A 1 percentage point rate increase translates to a few extra dollars per month in payments on a typical federal loan. The biggest impact will be on the overall accrued interest of a loan. In particular, parents and graduate students who borrow through Loan Plus might feel additional pressure when withdrawing money for themselves or their children’s education. This is because the Loan Plus has a higher interest rate than other types of federal student loans.

For example, let’s say a parent borrows $10,000 with a Plus loan for a son’s second year 2021. Excluding origination fees, this is approximately $5 more per month and $587 more in interest over 10 years than the same loan taken out in 2020. Loan Plus also allows parents and graduate students to borrow for various expenses , including tuition fees. ; room and board; tuition and fees; and allowances for living expenses. Of course, early repayment of the loan would result in an overall lower interest.

Choose federal or private student loans

The interest rates we have discussed so far only apply to federal student loans. The other option is to take out a loan from a private lender. Unlike government-backed financing, private lenders use a risk-based approach to setting student loan terms and interest rates, which may include your credit history and score, income, existing debt, and if you have a co-signer.

Depending on these factors, you may find a private loan with a lower fixed interest rate.
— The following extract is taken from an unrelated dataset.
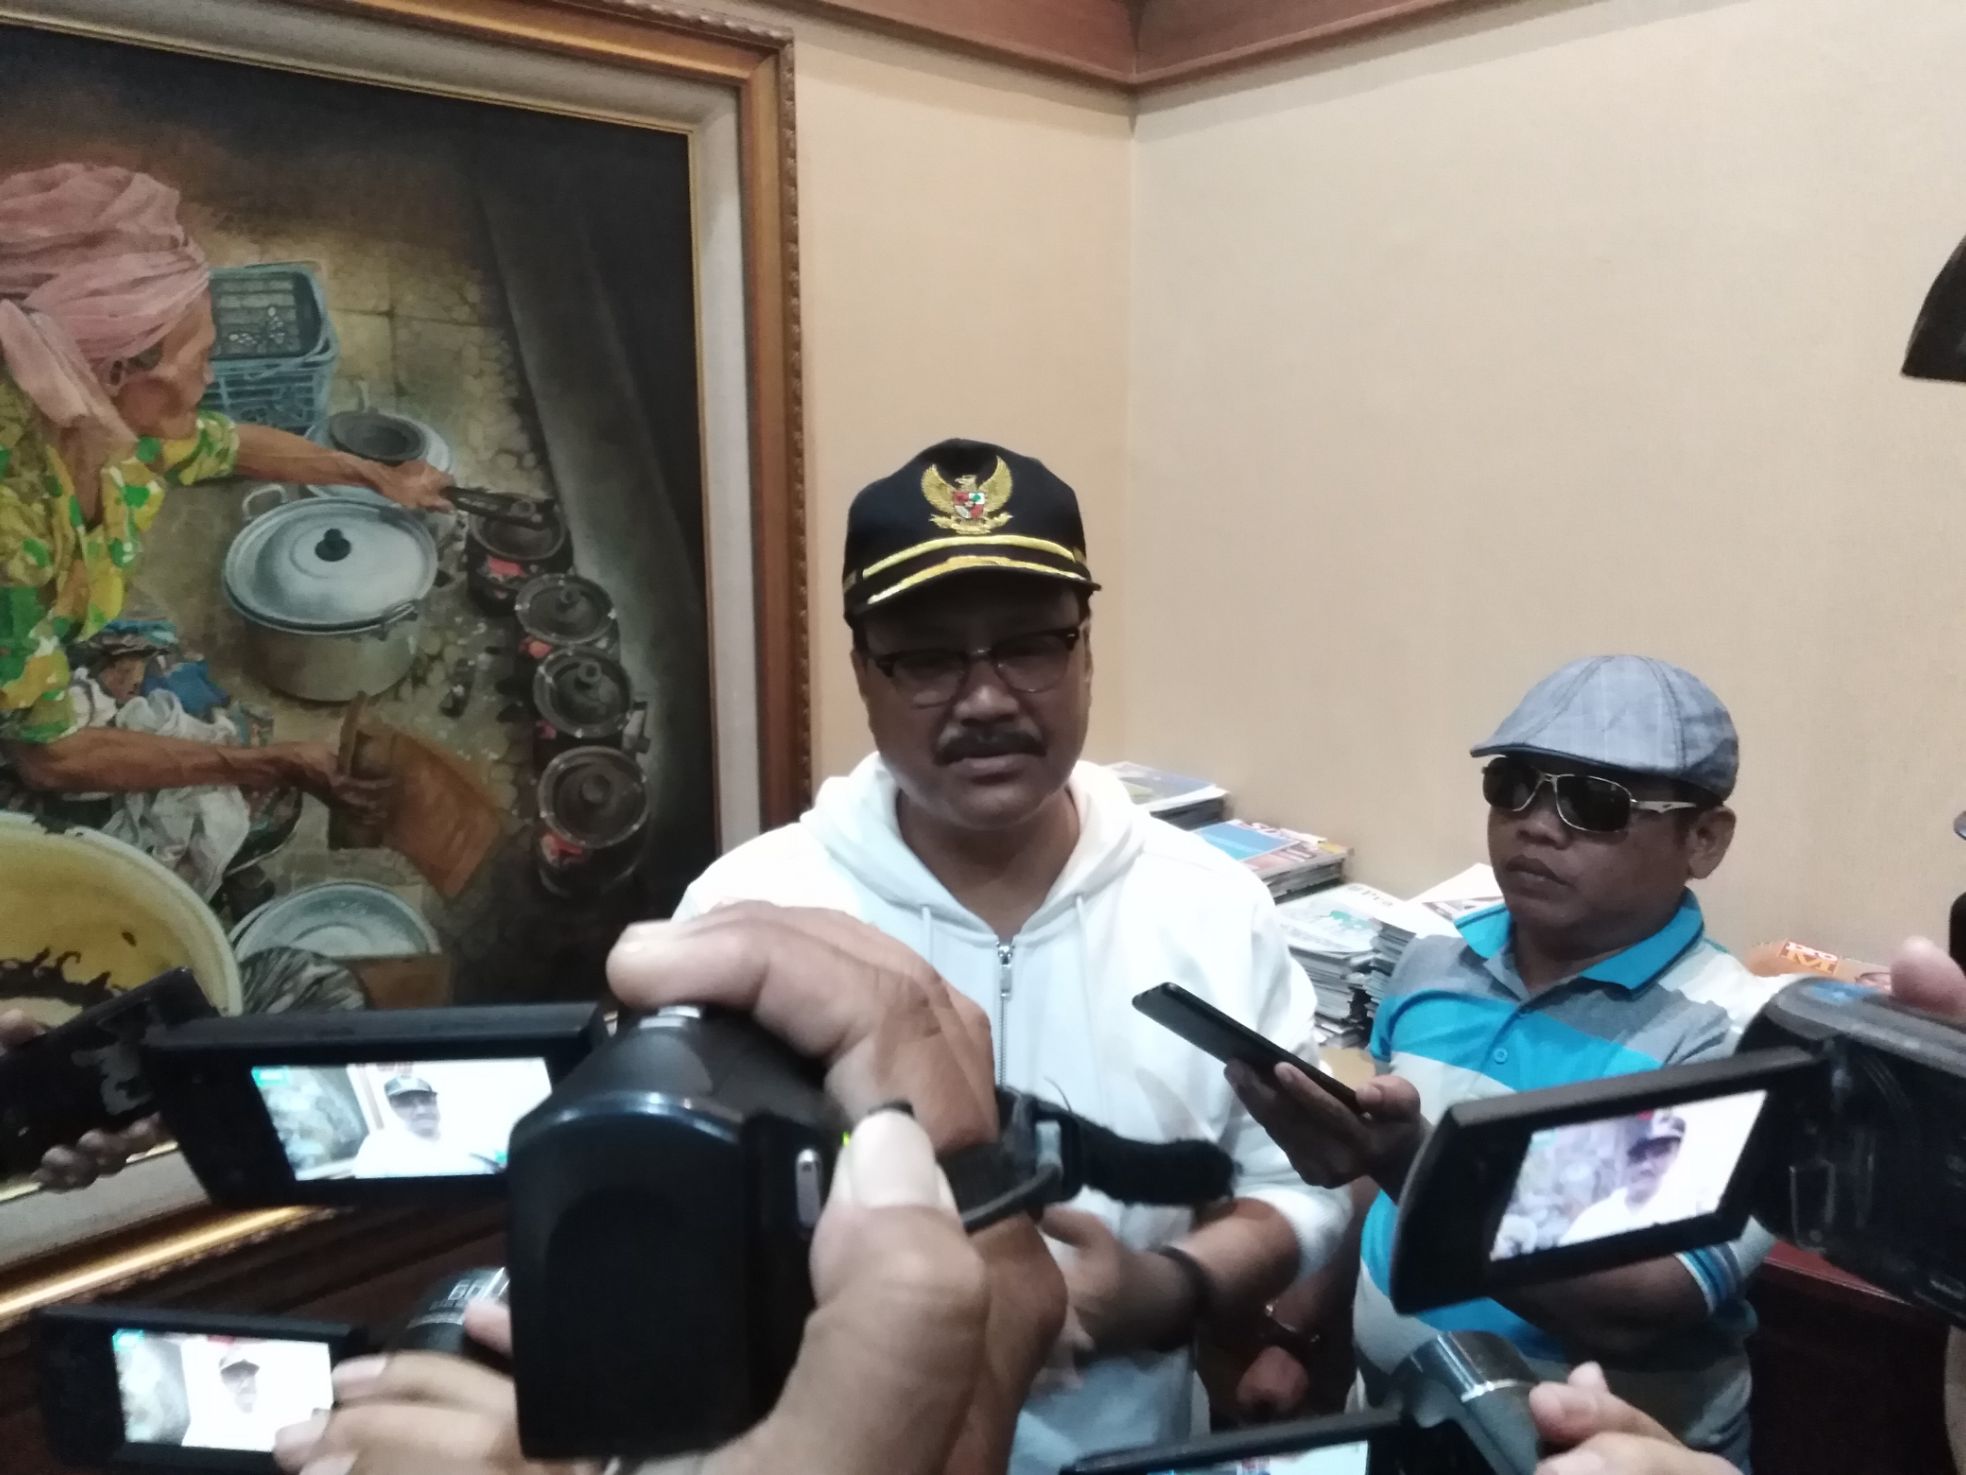 Gus Ipul, ketika ditemui di kantor Wakil Gubernur Jawa Timur, Senin, 22 Oktober 2018.

Keep in mind, however, that private loans don’t necessarily offer the same guaranteed protections as federal loans, including:

  • Reimbursement based on income: Your loan may qualify for up to eight repayment options depending on the amount you owe and your income after graduation. You can also extend the repayment period from 10 years up to 30 years if lower payments suit your budget.
  • Debt forgiveness: There are several avenues of debt cancellation for federal loans. If you have an income-based repayment plan, the government can forgive the remaining balance on a loan you’ve paid for 20 to 25 years. Many federal loans are also repayable if you work in education, nonprofits, or public service. You can learn more about Federal Loan Forgiveness on the Federal Student Aid website.
  • Difficulty Options: Federal borrowers are eligible for student loan forbearance or deferral in the event of job loss, illness, injury, return to school, or relief during a national emergency, such as COVID-19 .
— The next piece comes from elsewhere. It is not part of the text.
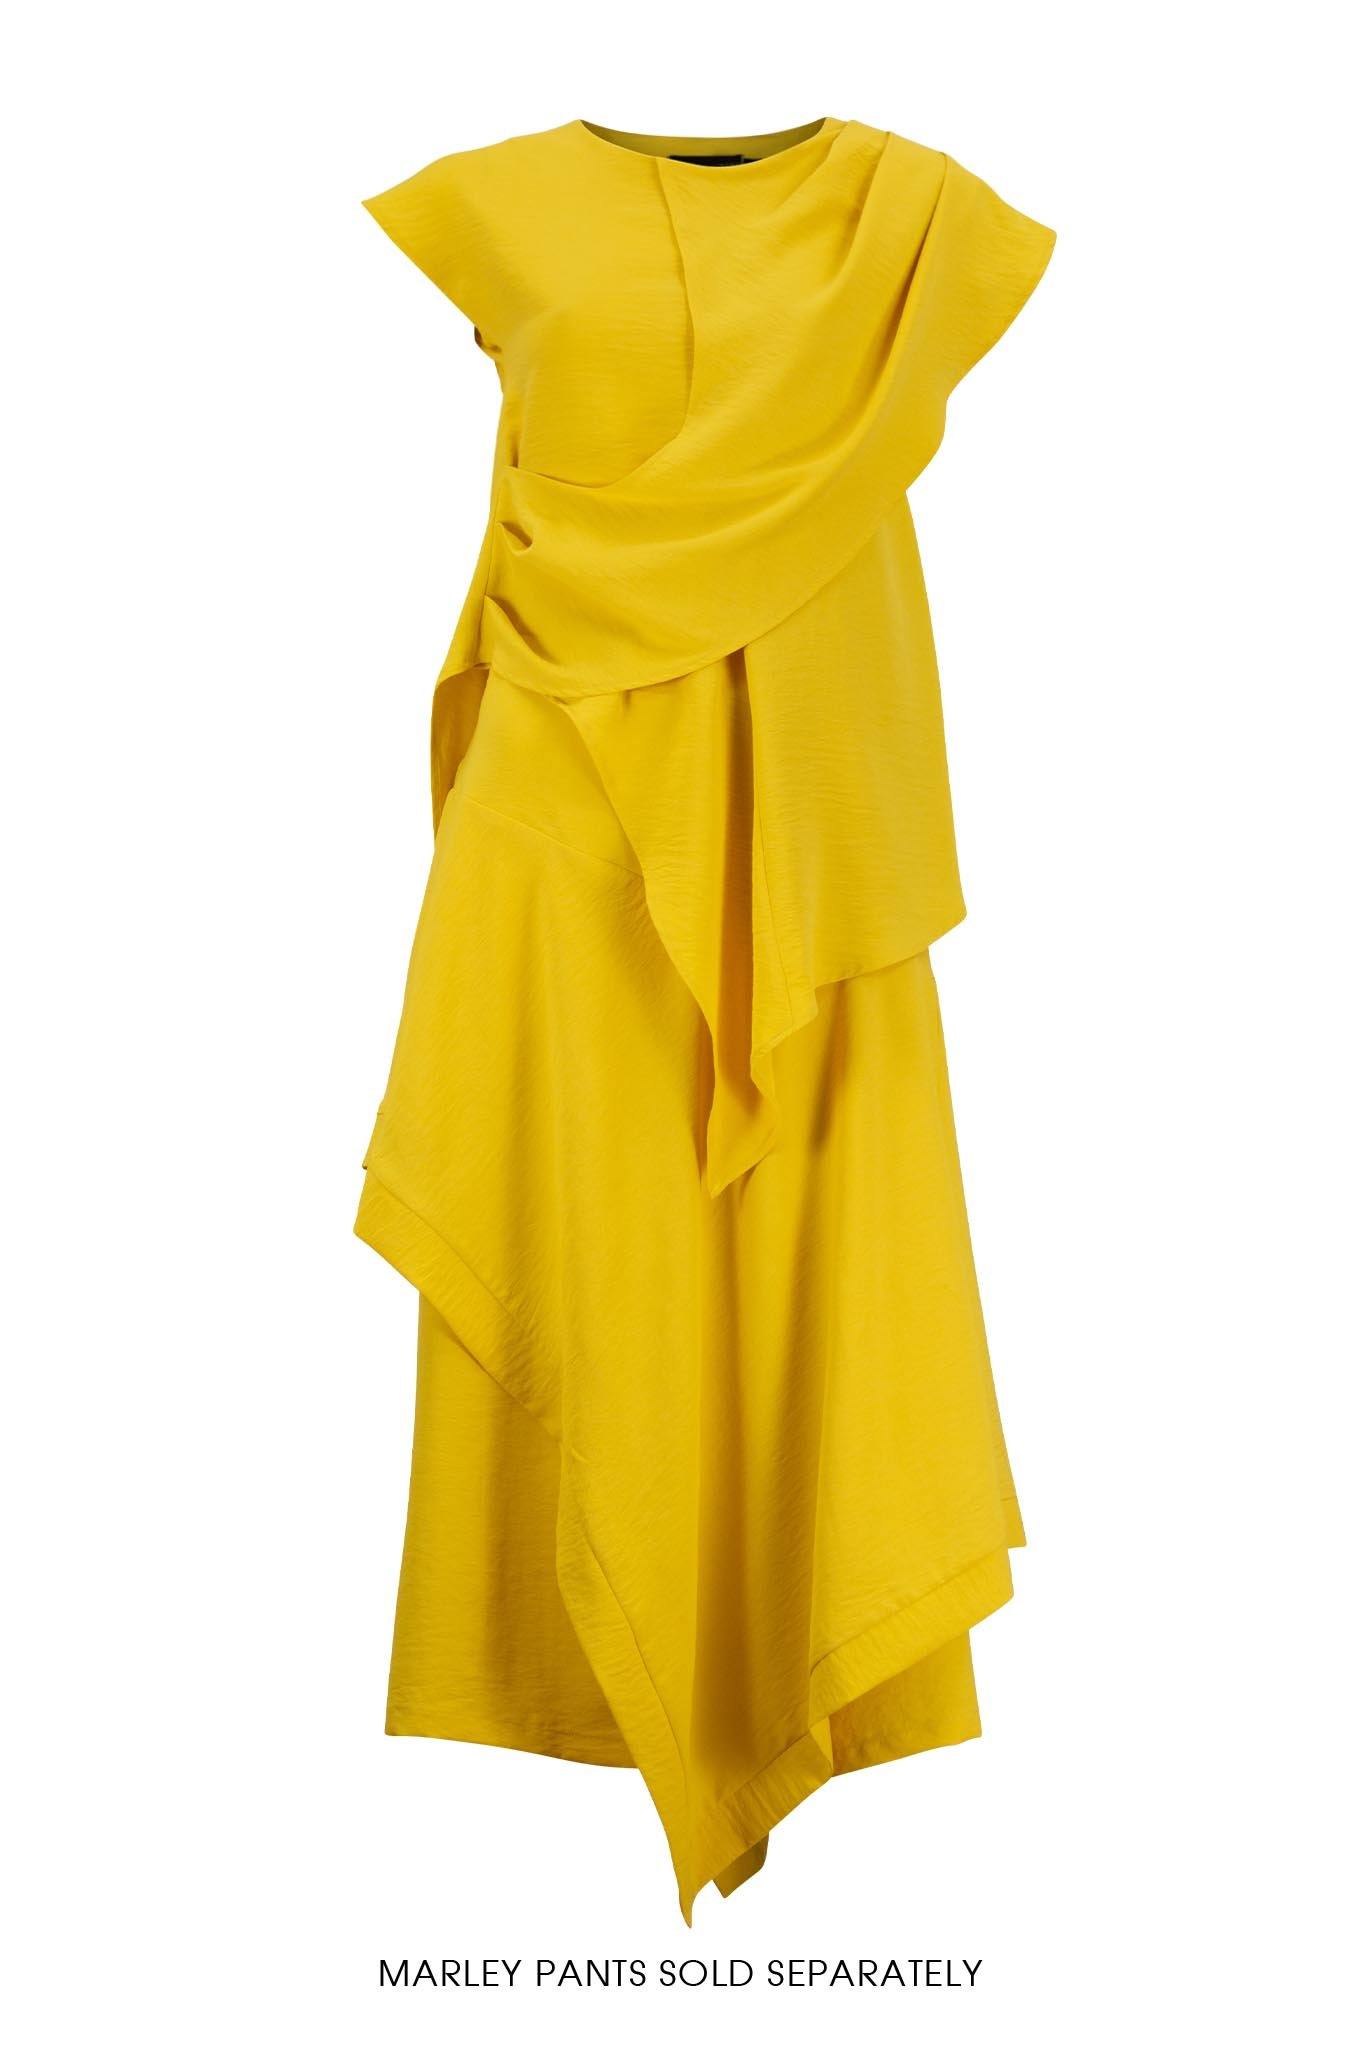 INDIA Canary Yellow Ladies Top - stok.

How COVID-19 relief comes into the equation

You might be wondering why interest rates are rising while the United States is still in the midst of a pandemic. Asked about the rate hike, a representative from the US Department of Education declined to comment, but directed us to the federal student aid web pages, including interest rates for new direct loans and a page detailing the calculation of federal interest rates.

Although interest rates rose this month, the DOE extended the pause on payments and interest on all federal loans and collections on defaulted loans until at least September 30, 2021.

Last March, the DOE expanded its relief efforts by offering the same interest-free break to 1.14 million borrowers with loans in default under the federal Family Education Loan Program. Between 1965 and 2010, the FFEL program insured federal student loans disbursed by private lenders, including Stafford Loans, Unsubsidized Stafford Loans, Federal Plus Loans, and Federal Consolidation Loans. While some of these loans remain private, others are held by the DOE after being transferred to the government due to default or were purchased by the government during the 2008 financial crisis. This relief is retroactive to the March 13, 2020, the DOE said in a news release and will protect more than 800,000 borrowers whose tax refunds were at risk of being garnished to pay off delinquent student loans. In addition, borrowers whose tax refunds have been garnished or whose wages have been garnished in the past year will automatically receive refunds.

If you are unsure whether you have an FFEL loan, you can call the Federal Student Aid Hotline (1-800-4-FED-AID) or log on to the FSA website with your FSA ID to know who manages your loan.